SALT LAKE CITY — School districts, charter schools and students now have the guidance they need to utilize a statewide online education program this fall, but some believe there will be serious hiccups as the program gets under way.
The new statute was adopted this legislative session and enables high school students to exchange up to two of their regular classes for online classes from a variety of vendors at no cost. Only students who intend to graduate early will be allowed to more than eight classes per year.
Lawmakers and educators are still working out kinks in the program. Last week, the State Board of Education held an emergency meeting to create a rule detailing class registration procedures.
"I think largely the state board emergency rule is effective and is appropriate," said Sen. Howard Stephenson, R-Draper, who sponsored the legislation. "It ensures that students can sign up for online courses this fall, and that was the important thing."
While the board created a framework for schools and students to follow, not all board members agree with the legislation wholesale.
Board Chairwoman Debra Roberts said the law's stipulation that students must drop a traditional high school class for every online class they take is a detriment to public education; as is the funding burden it will place on small schools that won't find out until students register this fall how many classes will be dropped.
"I think there will be instances where it will be extremely difficult and where it will cause more harm than good," Roberts said. "There's literally nothing as a state board that we can do to alleviate that."
For more than 15 years, high school students have been able to take online classes from the state-funded Utah Electronic High School in addition to their traditional high school classes. The new law allows state education dollars to flow to whatever state-approved online schools students take classes from. Students will still be able to use UEHS for the upcoming year.
One controversial topic the board chose not address in the emergency board rule is the issue of who supervises high school students who have dropped a class. The board left that up to individual districts and charters, some of which might require parents to take students off campus during their off class, while others might provide a study hall where students enrolled in online classes can go.

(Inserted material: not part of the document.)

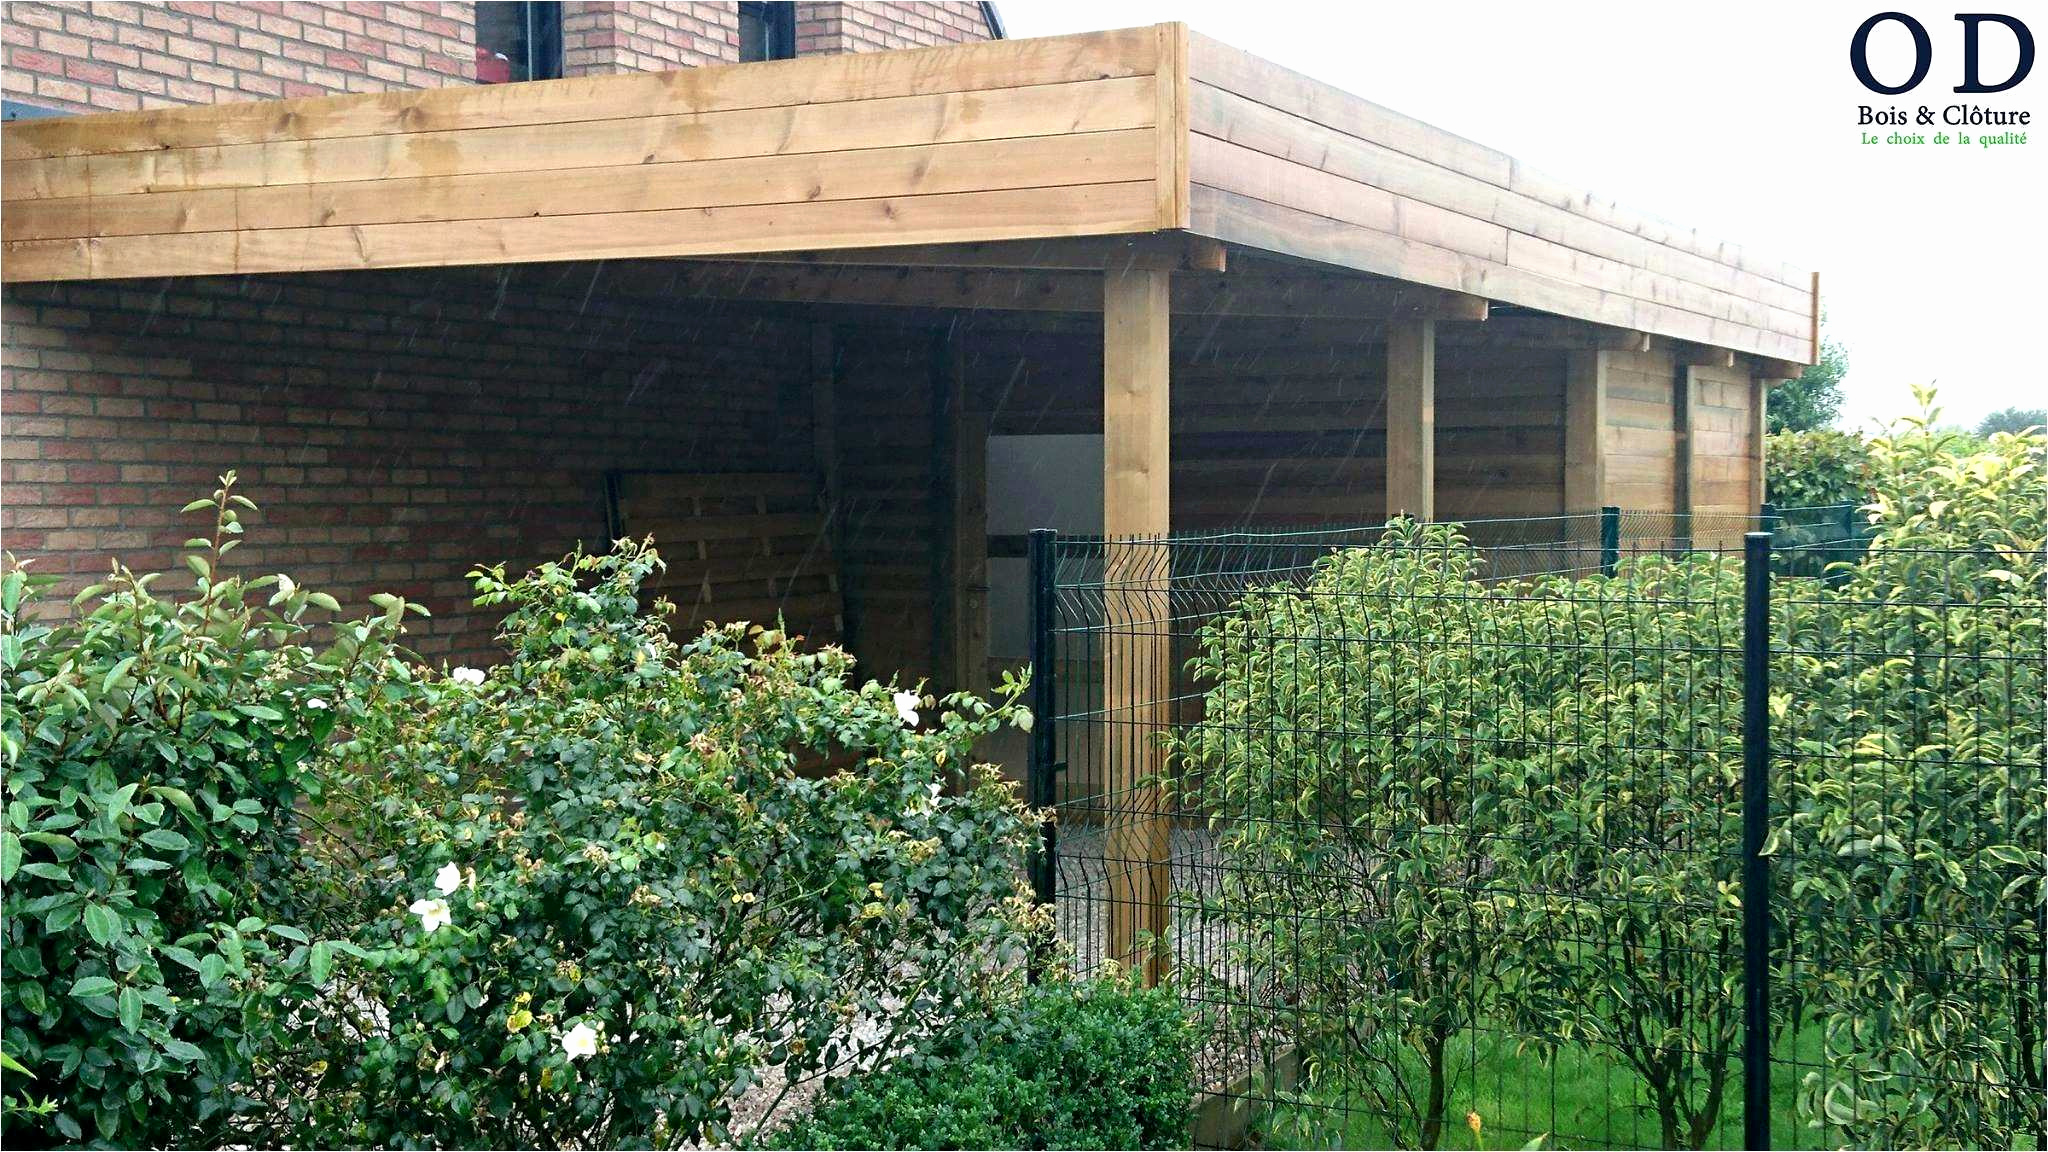 fabriquer un salon de jardin en bois elegant construire abri jardin impressionnant 29 idee installer un abri de of fabriquer un salon de jardin en bois

"The one thing that we are hoping is that local schools are not antagonistic toward students who take an online course, that they accommodate that student," Stephenson said. "I'm hopeful that schools will see online education providers as partners with them in assisting students and achieving academic success."
Stephenson attended the late-June board meeting, and said one aspect of the board's rule he is not satisfied with was the decision to name the program the "Statewide Online Public Education Program." Stephenson said the title is inconsistent with the statute, which does not include "public" in the title.
"I think that the fact that they call it something different than the statute calls it is a problem," he said.
Stephenson said changes will be made to the current funding formula, which sends more than $700 to an online provider for every class a student takes during legislative interim. A tiered formula will be created, making some online classes that require more materials more expensive, and others less expensive.
But Roberts said she would like to make more significant changes to the law, such as the removal of the stipulation that students must drop classes in order to take online courses.
"Sometimes, the (legislative) session is so short and ... sometimes we aren't able to have the in-depth conversations and the in-depth listening that needs to take place," Roberts said. "If they truly want to pursue online education ... they have got to change the statute."
Roberts said the board will also discuss and amend the rule at its August meeting, and will allow for public comment and discussion that wasn't possible in June.